As for critics who claim he and other big bee players just buy things rather than build them up, Ramaphosa says they miss the point — black South Africans need to get their hands on capital or they won't be able to build anything: "First you become a financial investor to accumulate capital, because capital does not fall from the sky. Once you're accumulating capital, you begin to acquire skills and skilled people whom you can deploy in various businesses. The third stage is acquiring control of companies and beginning to be an operator, running a proper business. Part of all that would mean having capital to start your own businesses." Being an entrepreneur, he says, "doesn't just mean you have to run a business. A guy like Warren Buffett has never run a business in his life. He's the greatest and richest entrepreneur in the world. He manages money. He invests money. That's what he does."

Nonetheless, the A.N.C. has begun to rethink its bee policy. Party secretary-general Kgalema Motlanthe complained last year that "we see the same names mentioned over and again, in one deal after another," and Phumzile Mlambo-Ngcuka, the Minerals and Energy Minister, has grumbled that white-owned companies that fulfill their empowerment obligations by selling stakes to "a few bee gentlemen" are guilty of "sabotage and neglect of the transformation imperatives." South African corporations are getting the message. In February, banking and insurance group First Rand finalized a $1.2 billion empowerment deal that will put 10% of the company's shares in trusts established for black staff members as well as poor rural women and mine workers — and not one of the Fab Four is in sight. Another recent deal put a small slice of South Africa's dominant telephone company, Telkom, into the hands of a black consortium unaligned with any of the main players. This deal was criticized, though, after it was revealed that Andile Ngcaba, the government's former director general of communications, and senior A.N.C. spokesman Smuts Ngonyama would both take chunks of Telkom.

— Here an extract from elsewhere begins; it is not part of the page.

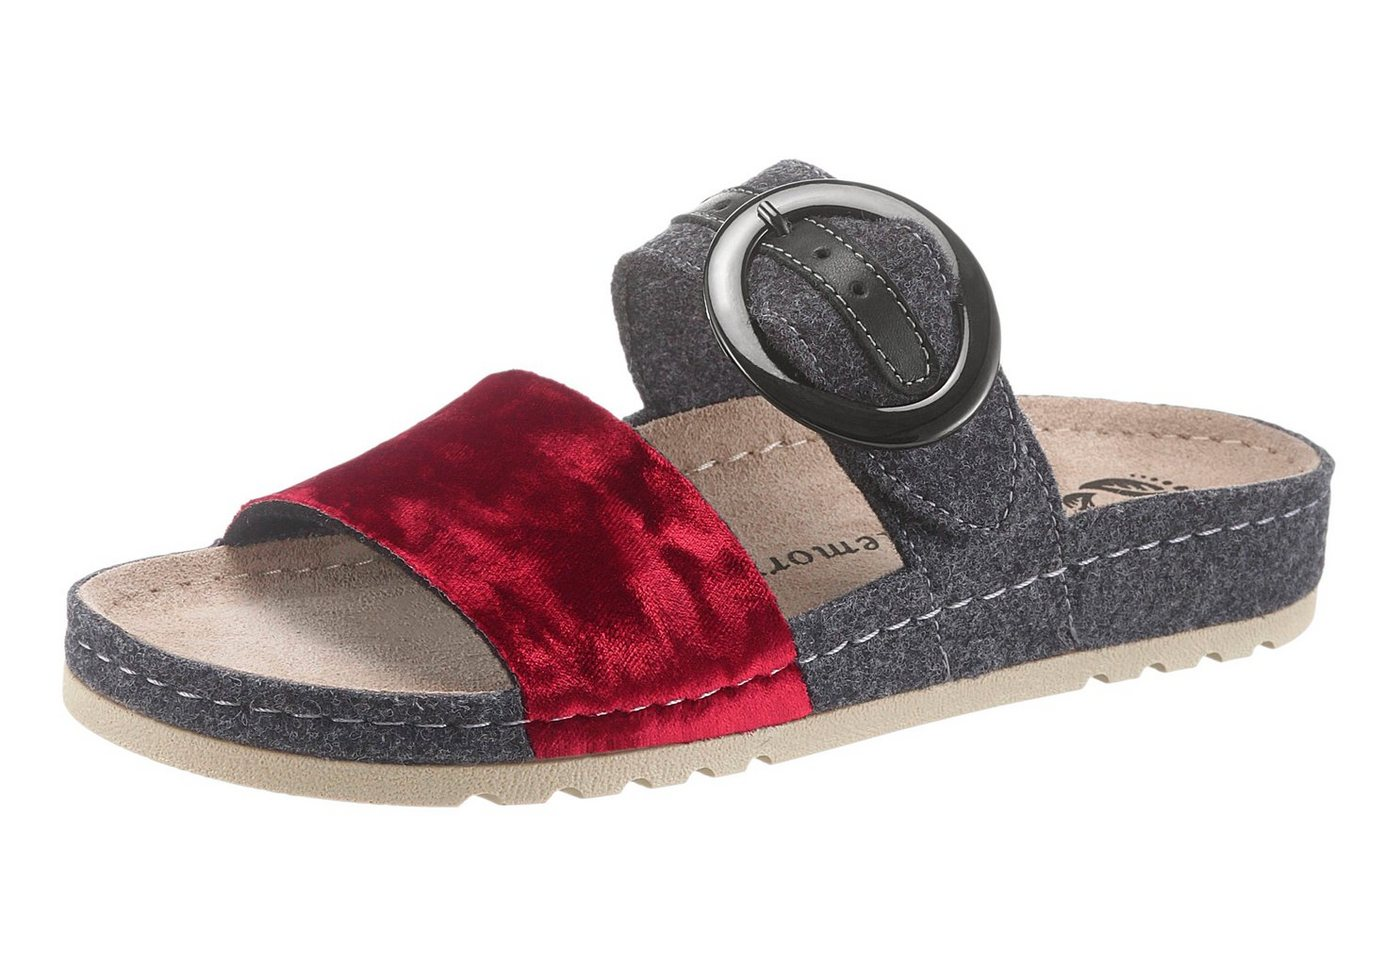 Mubb Pantolette mit komfortablem Gel Memory-Fußbett | Schuhe > Clogs & Pantoletten | Grau | Pu | MUBB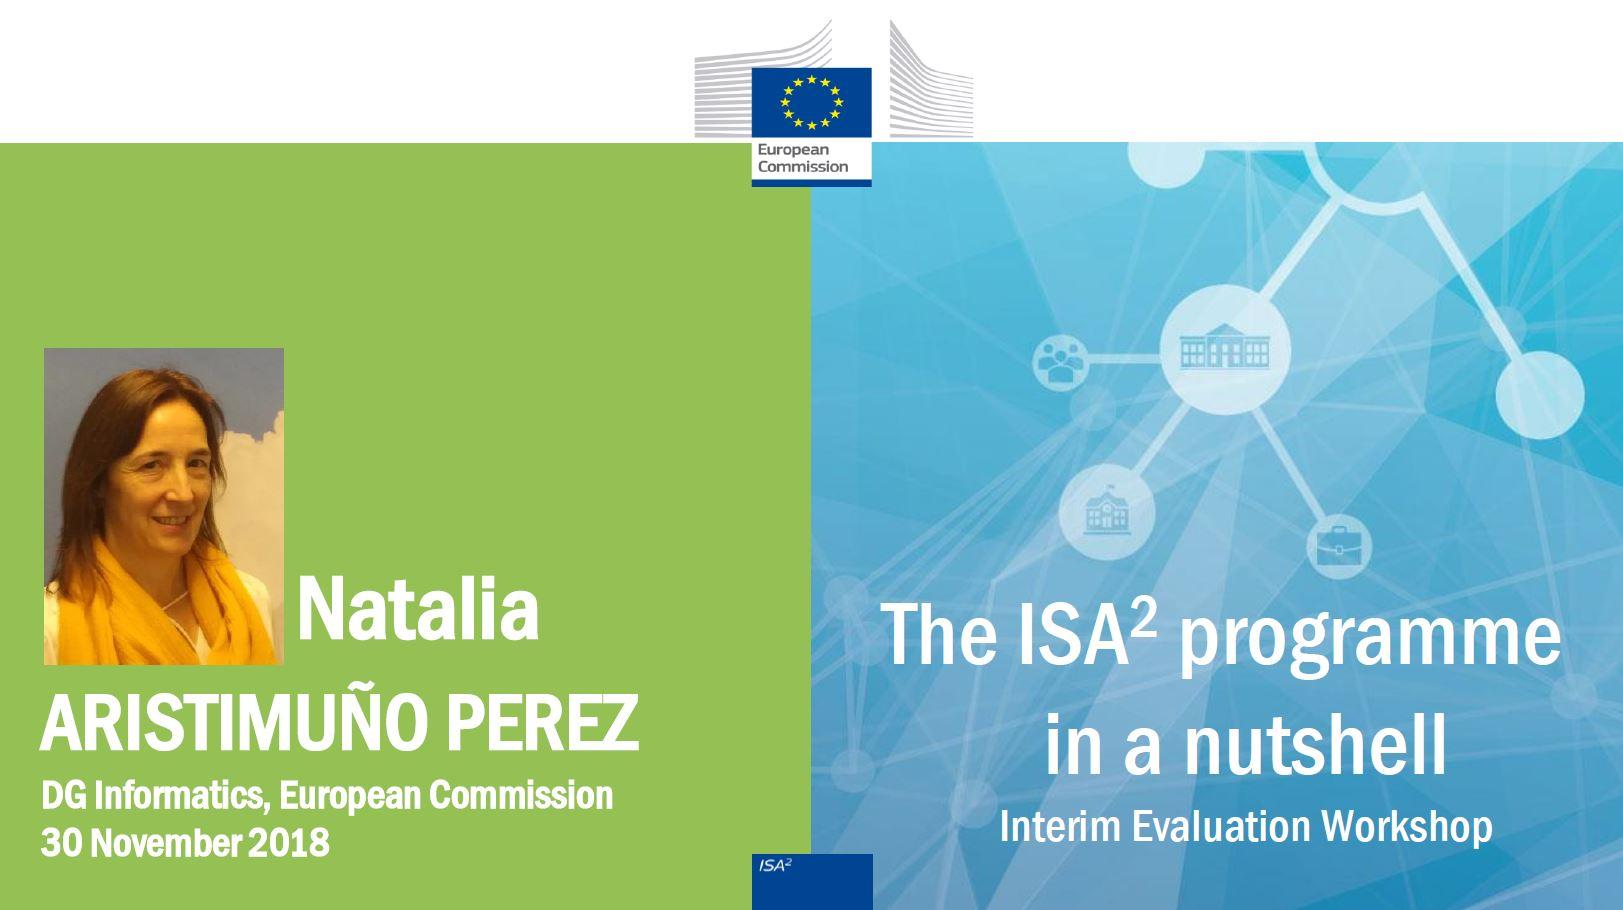 ISA² Interim Evaluation Workshop

The Fab Four also sense the mood change. After a DaimlerChrysler spokesman boasted to local newspapers last year that Motsepe, Ramaphosa and Sexwale had each bought the company's new $500,000 luxury Maybach 62, Ramaphosa announced he would sue, complaining that he did not own a Maybach. "For me it's far too much of a conspicuous display of wealth in a sea of enormous poverty," he says. "For a person to be driving a [(USD)500,000] car to me is a bit gross." The German automaker quickly admitted it had been wrong and paid an undisclosed amount into a charity Ramaphosa established through his company to help improve poor schools. "It's almost like, 'Here they are, the Johnny-come-latelies,'" says Ramaphosa. "'Look at the type of cars they drive; look at the clothes they wear.'" I find it despicable. Because quite often black people who are succeeding in business are not recognized for what they are achieving, but for how different they have now become." Changing racial perceptions in South Africa would be quite an achievement. An even bigger accomplishment would be building a millions-strong black middle class in addition to creating a few new Rand Club members.